Stored data
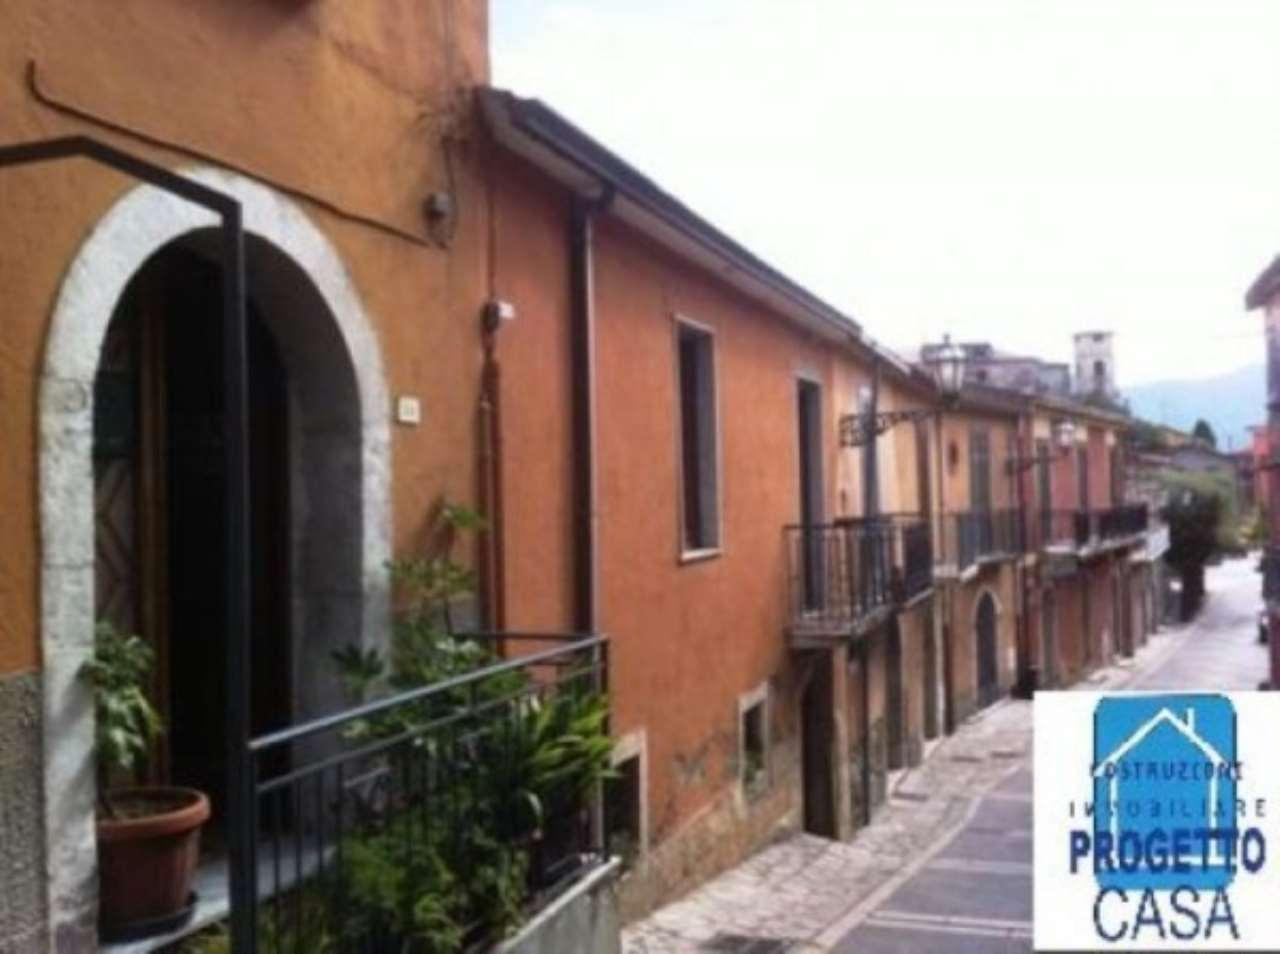 Appartamento in vendita a Candida, 5 locali, prezzo € 50.000 | CambioCasa.it
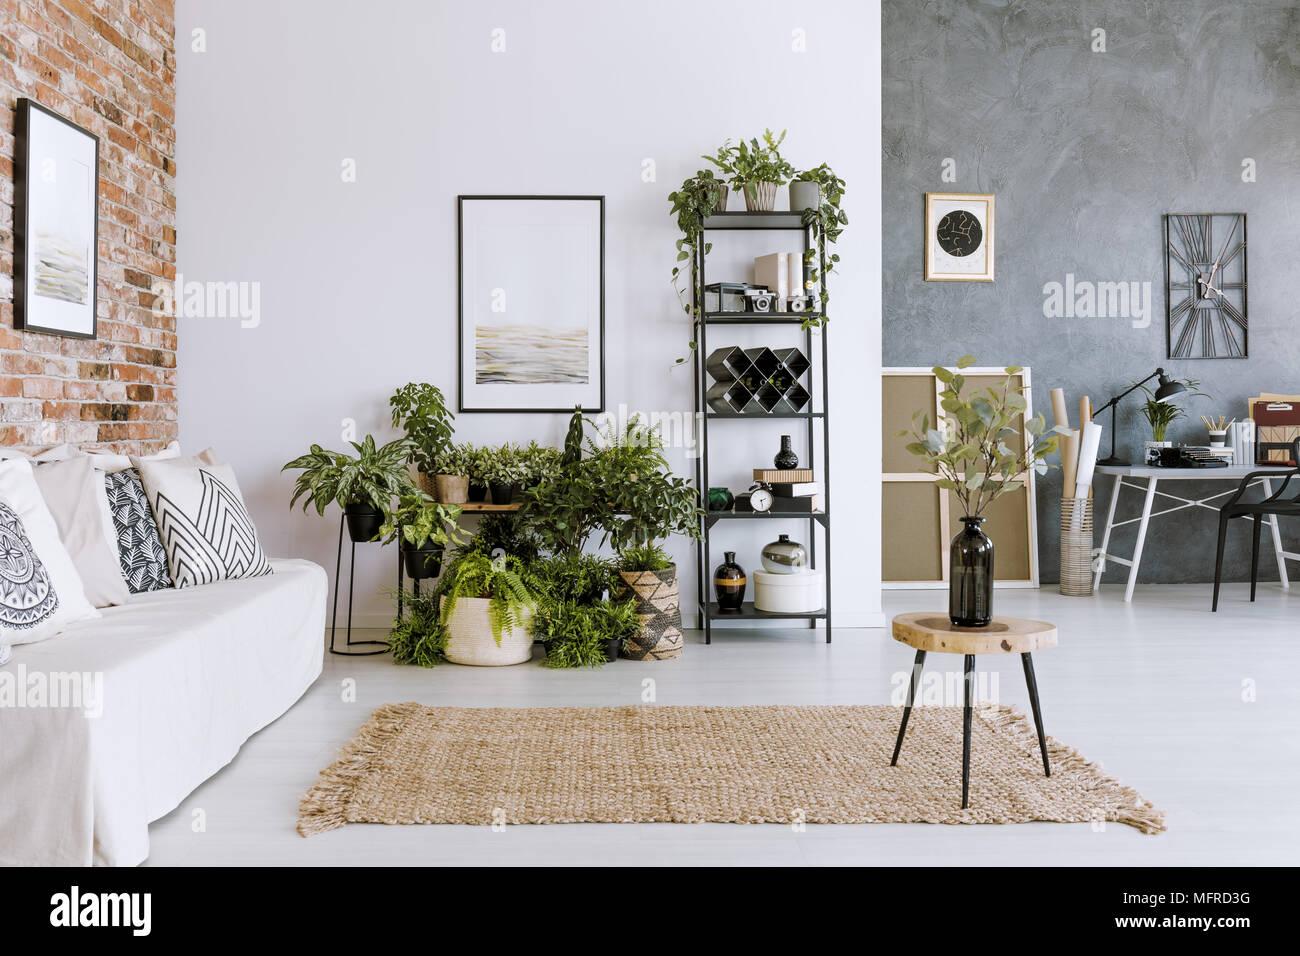 Plantas En El Salon Interior Con Alfombra Beige Blanco Sofa Y
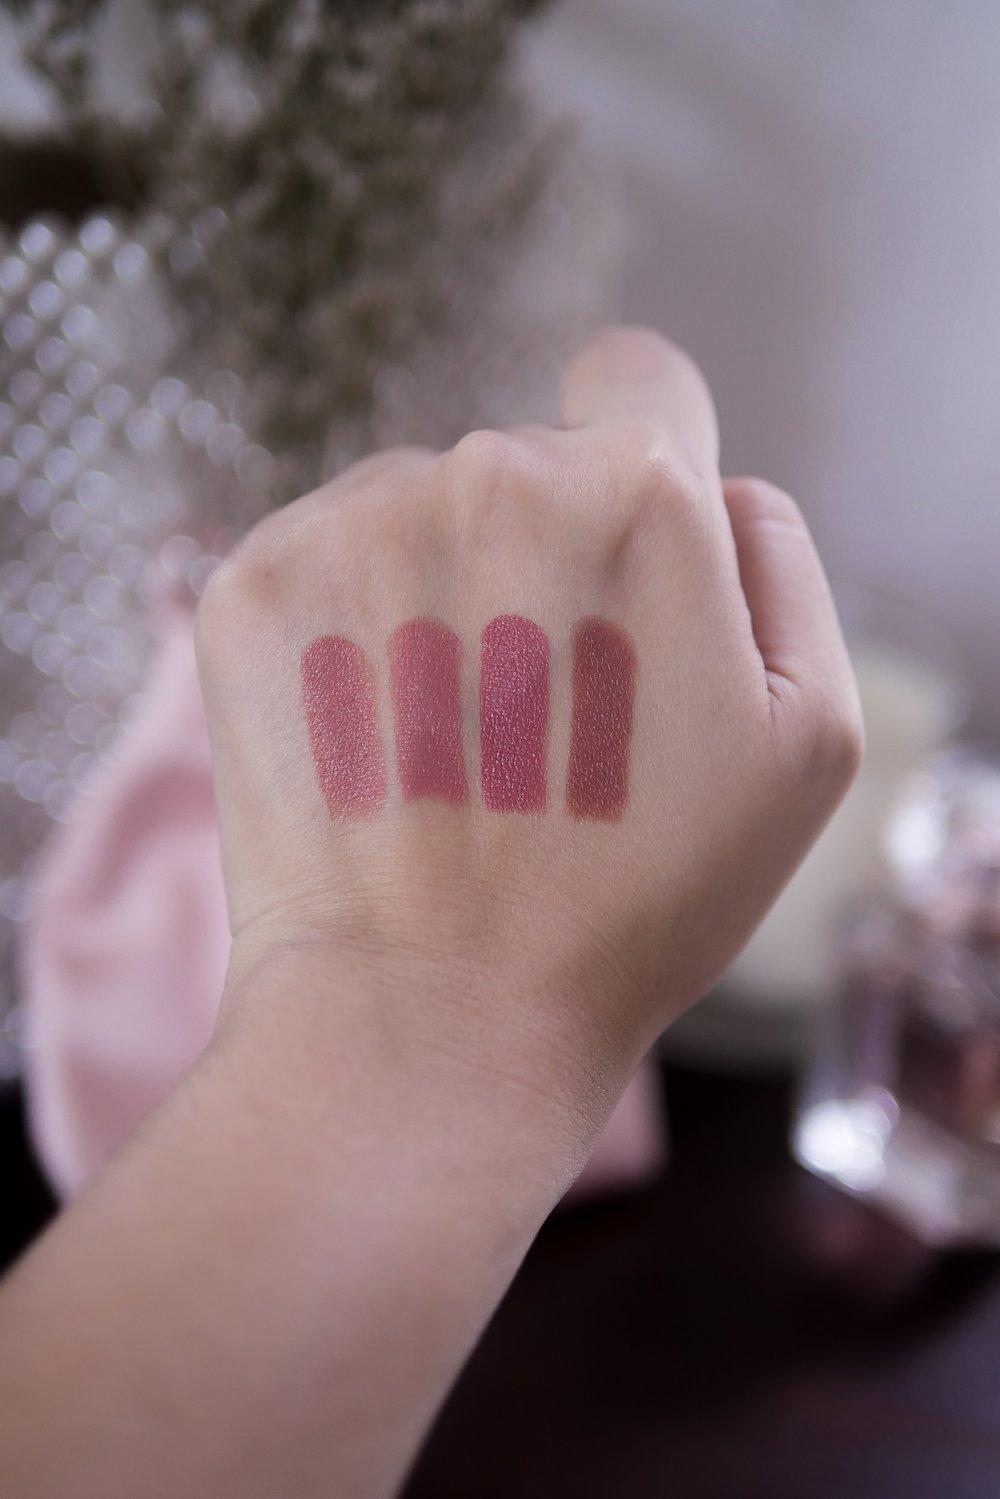 Lune Skin Semi Matte Lipsticks No.01 Oui ,  No.02 Amour ,  No.03 Chérie , dan  No.04 1995  (dari kiri ke kanan).
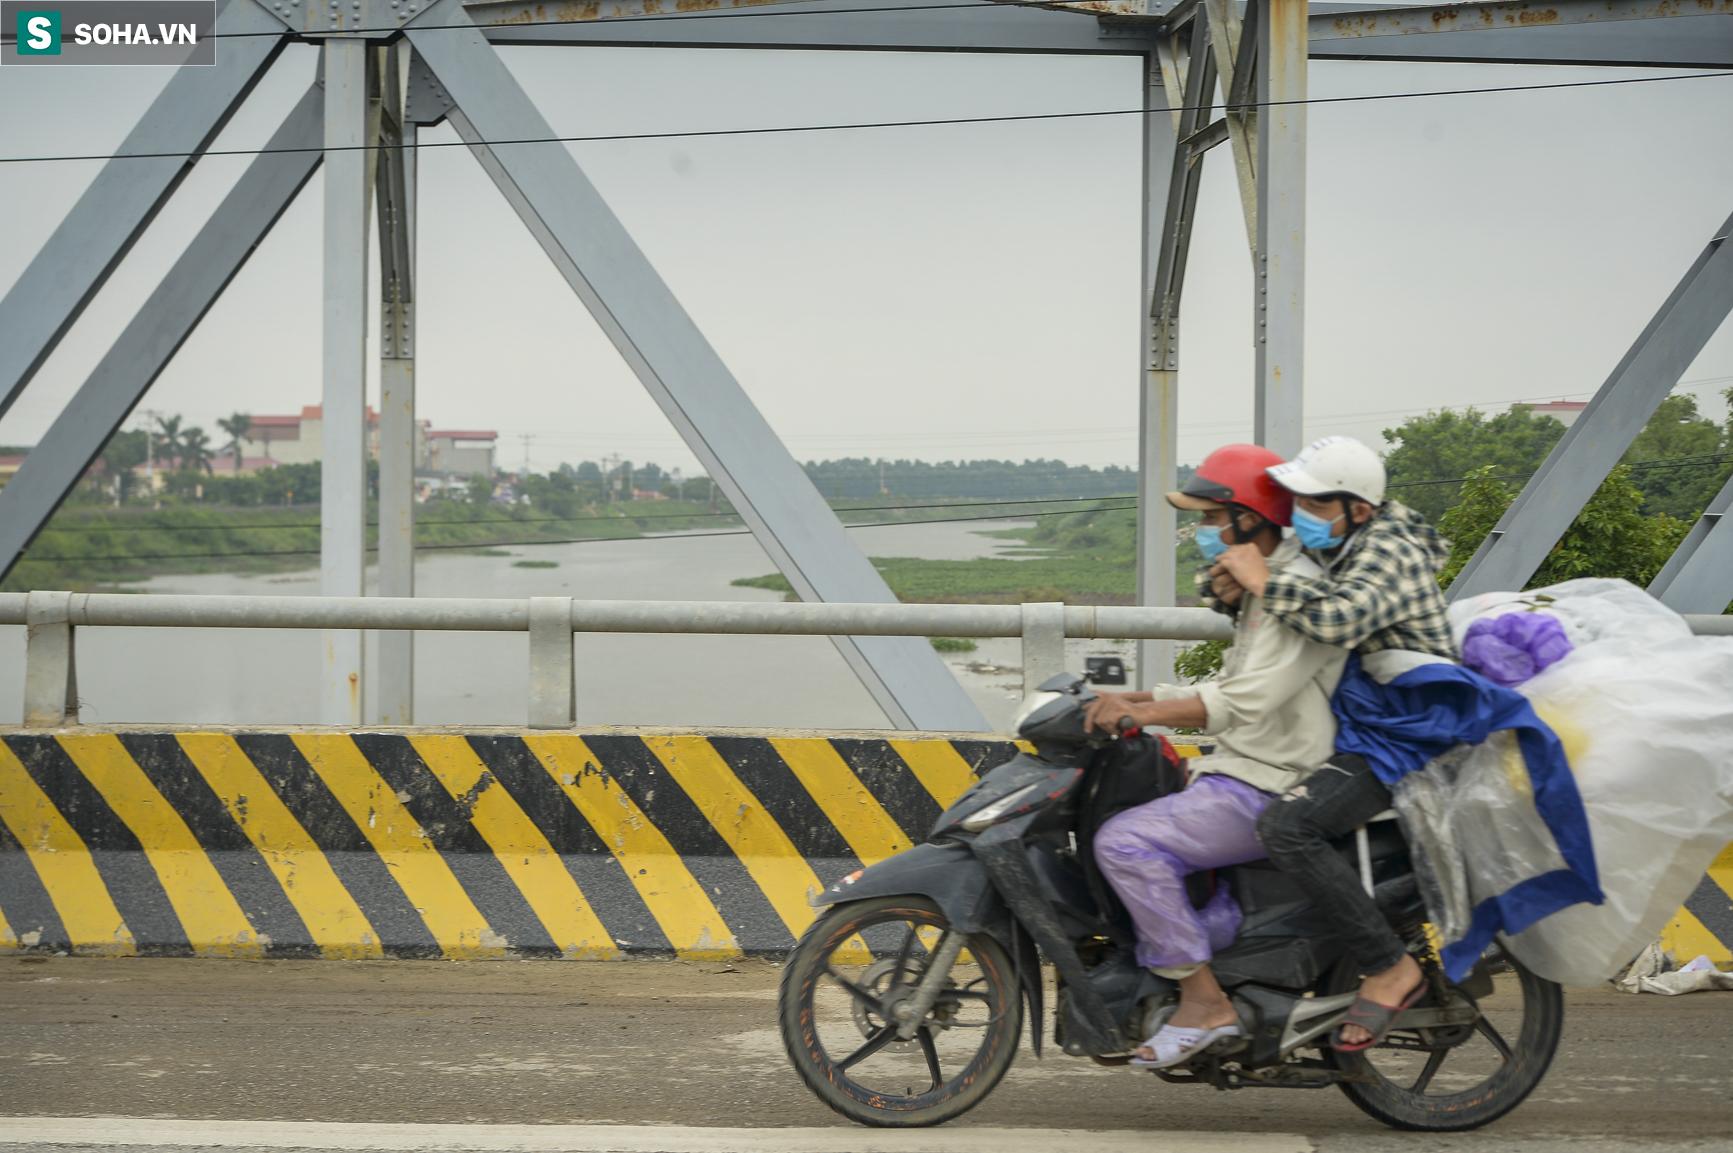 Đi xe máy hơn 1.500km ra Hà Nội, 2 bố con ăn ngủ tại chốt Cầu Giẽ chờ người đưa đi cách ly - Ảnh 12.
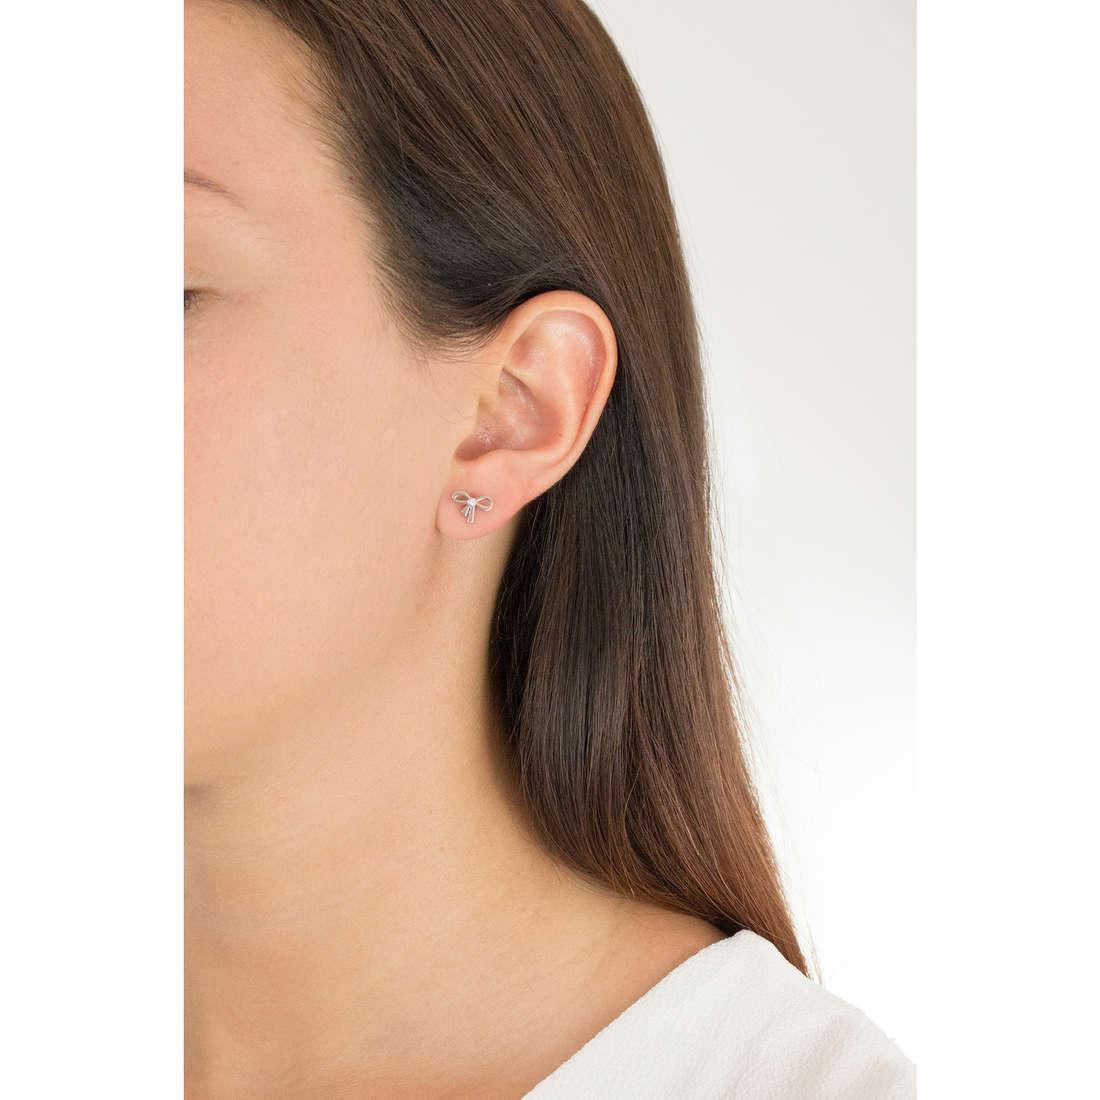 Nomination boucles d'oreille femme 026908/001 photo wearing

Directions. Go back to the lines above and output, exactly as they stand, the ones from the line containing "Plantas En El" to the line containing "Lune Skin Semi". Leave all pictures behind.

Your response.
 Plantas En El Salon Interior Con Alfombra Beige Blanco Sofa Y
 Lune Skin Semi Matte Lipsticks No.01 Oui ,  No.02 Amour ,  No.03 Chérie , dan  No.04 1995  (dari kiri ke kanan).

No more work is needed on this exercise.